Data entries

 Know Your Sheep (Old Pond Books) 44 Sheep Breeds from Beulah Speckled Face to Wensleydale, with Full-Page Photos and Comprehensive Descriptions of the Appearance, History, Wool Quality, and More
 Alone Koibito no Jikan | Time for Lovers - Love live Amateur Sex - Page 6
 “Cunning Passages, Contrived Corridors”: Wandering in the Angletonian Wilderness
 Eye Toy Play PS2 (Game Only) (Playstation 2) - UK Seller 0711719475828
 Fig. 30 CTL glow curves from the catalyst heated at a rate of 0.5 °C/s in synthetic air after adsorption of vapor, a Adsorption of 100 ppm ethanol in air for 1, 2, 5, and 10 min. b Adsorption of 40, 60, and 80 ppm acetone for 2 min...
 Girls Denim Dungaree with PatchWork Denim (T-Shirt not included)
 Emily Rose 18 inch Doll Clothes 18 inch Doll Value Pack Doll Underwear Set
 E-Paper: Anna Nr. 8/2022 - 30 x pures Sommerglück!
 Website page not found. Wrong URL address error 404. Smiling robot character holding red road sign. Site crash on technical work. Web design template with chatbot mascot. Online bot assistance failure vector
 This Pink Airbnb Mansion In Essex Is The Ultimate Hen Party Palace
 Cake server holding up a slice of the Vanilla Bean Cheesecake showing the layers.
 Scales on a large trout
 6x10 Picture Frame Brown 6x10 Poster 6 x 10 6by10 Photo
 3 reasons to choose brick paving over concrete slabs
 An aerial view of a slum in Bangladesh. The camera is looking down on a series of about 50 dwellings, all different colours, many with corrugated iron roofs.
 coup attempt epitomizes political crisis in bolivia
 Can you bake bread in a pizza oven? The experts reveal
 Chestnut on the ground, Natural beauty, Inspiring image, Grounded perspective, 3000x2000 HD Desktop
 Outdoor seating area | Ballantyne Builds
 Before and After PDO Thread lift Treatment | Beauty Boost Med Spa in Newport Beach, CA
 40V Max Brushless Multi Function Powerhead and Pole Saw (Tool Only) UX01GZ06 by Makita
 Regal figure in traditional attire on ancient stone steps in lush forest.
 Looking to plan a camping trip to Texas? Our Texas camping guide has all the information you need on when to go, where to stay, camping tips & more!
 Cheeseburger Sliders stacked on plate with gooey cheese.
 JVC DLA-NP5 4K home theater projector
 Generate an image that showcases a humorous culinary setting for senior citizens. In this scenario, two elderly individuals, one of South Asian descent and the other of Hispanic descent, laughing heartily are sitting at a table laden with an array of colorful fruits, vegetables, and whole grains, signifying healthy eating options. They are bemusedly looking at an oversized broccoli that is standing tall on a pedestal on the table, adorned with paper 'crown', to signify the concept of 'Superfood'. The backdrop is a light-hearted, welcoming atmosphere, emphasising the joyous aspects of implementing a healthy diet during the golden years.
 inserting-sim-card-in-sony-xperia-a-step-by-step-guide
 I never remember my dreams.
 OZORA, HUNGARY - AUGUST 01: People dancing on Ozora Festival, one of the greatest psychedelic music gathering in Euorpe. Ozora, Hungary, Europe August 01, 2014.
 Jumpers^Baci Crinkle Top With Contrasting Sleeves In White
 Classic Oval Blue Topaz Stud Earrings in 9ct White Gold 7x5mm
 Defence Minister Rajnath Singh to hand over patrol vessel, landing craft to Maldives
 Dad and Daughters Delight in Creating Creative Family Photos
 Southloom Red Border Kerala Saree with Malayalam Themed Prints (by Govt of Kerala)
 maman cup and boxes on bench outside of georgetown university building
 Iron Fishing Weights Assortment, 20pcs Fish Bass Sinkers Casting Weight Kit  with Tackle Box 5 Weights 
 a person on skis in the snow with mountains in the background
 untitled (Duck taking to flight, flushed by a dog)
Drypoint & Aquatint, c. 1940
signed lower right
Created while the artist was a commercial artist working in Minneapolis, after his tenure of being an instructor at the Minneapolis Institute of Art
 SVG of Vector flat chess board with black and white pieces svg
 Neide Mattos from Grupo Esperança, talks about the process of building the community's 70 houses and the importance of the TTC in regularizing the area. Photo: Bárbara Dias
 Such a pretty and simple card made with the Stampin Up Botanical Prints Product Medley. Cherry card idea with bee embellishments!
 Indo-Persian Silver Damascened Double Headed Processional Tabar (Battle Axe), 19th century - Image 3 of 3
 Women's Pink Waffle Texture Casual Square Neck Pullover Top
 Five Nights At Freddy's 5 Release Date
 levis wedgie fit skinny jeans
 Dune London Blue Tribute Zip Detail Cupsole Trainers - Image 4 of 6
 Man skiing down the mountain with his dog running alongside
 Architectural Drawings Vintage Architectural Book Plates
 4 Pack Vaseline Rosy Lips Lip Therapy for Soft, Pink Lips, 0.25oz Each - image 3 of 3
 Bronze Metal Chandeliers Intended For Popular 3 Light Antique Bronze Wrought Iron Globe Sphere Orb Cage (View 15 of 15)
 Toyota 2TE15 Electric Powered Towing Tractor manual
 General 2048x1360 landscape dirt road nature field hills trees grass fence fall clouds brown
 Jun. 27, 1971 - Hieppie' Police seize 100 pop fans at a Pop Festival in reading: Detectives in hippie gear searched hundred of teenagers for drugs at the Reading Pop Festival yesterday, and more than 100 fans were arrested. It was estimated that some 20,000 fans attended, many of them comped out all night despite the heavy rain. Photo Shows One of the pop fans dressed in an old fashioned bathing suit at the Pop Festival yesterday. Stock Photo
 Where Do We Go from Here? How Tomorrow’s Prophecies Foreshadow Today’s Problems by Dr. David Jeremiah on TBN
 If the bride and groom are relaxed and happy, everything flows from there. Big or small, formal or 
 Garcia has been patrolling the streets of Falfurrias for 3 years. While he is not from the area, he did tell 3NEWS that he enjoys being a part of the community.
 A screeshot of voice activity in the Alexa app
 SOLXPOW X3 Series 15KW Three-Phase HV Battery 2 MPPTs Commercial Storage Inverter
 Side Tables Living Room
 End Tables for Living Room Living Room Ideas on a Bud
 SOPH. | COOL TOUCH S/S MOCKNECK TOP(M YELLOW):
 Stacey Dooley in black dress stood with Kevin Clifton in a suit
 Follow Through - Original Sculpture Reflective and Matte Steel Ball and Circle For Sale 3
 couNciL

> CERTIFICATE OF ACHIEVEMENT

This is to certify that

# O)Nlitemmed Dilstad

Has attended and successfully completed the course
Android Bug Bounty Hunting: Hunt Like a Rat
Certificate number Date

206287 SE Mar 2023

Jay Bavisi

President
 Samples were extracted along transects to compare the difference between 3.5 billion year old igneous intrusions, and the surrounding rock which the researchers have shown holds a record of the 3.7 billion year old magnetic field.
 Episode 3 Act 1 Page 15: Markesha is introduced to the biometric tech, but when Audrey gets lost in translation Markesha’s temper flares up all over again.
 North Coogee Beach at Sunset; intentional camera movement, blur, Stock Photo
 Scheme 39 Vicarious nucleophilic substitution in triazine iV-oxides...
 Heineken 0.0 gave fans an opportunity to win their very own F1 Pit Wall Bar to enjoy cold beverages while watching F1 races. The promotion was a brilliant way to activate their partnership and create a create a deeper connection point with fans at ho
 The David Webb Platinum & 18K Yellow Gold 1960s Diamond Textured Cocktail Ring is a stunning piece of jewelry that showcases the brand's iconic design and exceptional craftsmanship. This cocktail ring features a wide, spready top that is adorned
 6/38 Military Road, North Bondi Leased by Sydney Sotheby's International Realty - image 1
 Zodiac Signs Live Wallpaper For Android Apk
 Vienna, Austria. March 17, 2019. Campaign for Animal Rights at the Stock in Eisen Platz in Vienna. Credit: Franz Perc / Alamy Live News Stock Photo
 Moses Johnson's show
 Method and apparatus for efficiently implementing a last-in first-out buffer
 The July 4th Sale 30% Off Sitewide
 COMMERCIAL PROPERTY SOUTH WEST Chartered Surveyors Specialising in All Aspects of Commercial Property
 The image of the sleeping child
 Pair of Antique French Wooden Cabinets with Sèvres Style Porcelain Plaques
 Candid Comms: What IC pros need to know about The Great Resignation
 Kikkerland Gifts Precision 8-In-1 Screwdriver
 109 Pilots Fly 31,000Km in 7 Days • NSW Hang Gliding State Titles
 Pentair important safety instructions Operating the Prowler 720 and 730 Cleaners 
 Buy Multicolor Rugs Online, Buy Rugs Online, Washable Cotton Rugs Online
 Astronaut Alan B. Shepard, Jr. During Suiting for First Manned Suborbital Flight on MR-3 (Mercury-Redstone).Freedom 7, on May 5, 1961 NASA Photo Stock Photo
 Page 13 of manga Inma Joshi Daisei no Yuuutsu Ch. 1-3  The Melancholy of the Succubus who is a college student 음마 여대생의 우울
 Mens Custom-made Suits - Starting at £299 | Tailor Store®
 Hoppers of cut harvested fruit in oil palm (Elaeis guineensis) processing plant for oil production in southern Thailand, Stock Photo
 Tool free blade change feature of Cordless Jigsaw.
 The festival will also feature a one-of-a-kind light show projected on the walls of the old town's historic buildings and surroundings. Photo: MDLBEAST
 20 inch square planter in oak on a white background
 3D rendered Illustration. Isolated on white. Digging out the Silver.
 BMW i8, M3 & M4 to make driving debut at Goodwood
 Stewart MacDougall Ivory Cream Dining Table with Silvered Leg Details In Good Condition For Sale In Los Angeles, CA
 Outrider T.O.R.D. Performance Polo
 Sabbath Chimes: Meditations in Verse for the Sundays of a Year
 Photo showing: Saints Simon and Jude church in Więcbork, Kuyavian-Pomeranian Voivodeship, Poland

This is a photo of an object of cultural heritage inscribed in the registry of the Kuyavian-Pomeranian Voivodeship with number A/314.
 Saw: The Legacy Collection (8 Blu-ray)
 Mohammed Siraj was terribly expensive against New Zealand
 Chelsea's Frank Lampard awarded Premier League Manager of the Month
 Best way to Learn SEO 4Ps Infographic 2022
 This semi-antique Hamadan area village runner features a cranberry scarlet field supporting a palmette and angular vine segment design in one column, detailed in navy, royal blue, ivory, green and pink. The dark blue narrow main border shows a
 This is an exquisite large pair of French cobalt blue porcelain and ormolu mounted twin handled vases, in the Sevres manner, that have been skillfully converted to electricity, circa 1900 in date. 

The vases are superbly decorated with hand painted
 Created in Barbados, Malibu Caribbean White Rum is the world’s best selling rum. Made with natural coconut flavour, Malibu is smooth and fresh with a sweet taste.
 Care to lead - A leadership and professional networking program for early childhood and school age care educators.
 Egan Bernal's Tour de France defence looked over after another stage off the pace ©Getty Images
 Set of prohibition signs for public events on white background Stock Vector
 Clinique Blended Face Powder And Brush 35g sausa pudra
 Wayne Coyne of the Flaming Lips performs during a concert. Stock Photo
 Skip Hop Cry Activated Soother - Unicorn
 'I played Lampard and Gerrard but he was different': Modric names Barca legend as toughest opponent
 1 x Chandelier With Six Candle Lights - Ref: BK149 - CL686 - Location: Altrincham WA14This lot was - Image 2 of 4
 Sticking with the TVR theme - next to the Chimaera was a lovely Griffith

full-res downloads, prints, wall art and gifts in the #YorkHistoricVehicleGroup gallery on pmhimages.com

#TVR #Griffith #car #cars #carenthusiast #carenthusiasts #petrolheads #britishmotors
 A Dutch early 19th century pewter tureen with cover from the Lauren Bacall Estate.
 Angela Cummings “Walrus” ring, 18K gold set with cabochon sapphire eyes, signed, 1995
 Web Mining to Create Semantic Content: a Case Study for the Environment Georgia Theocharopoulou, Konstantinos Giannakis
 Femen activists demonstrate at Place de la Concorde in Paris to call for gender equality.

TASK GOAL :: Reproduce only the lines above, starting at the line with "COMMERCIAL PROPERTY SOUTH" and ending at the line with "Pair of Antique", exactly as written.

RESPONSE ::
 COMMERCIAL PROPERTY SOUTH WEST Chartered Surveyors Specialising in All Aspects of Commercial Property
 The image of the sleeping child
 Pair of Antique French Wooden Cabinets with Sèvres Style Porcelain Plaques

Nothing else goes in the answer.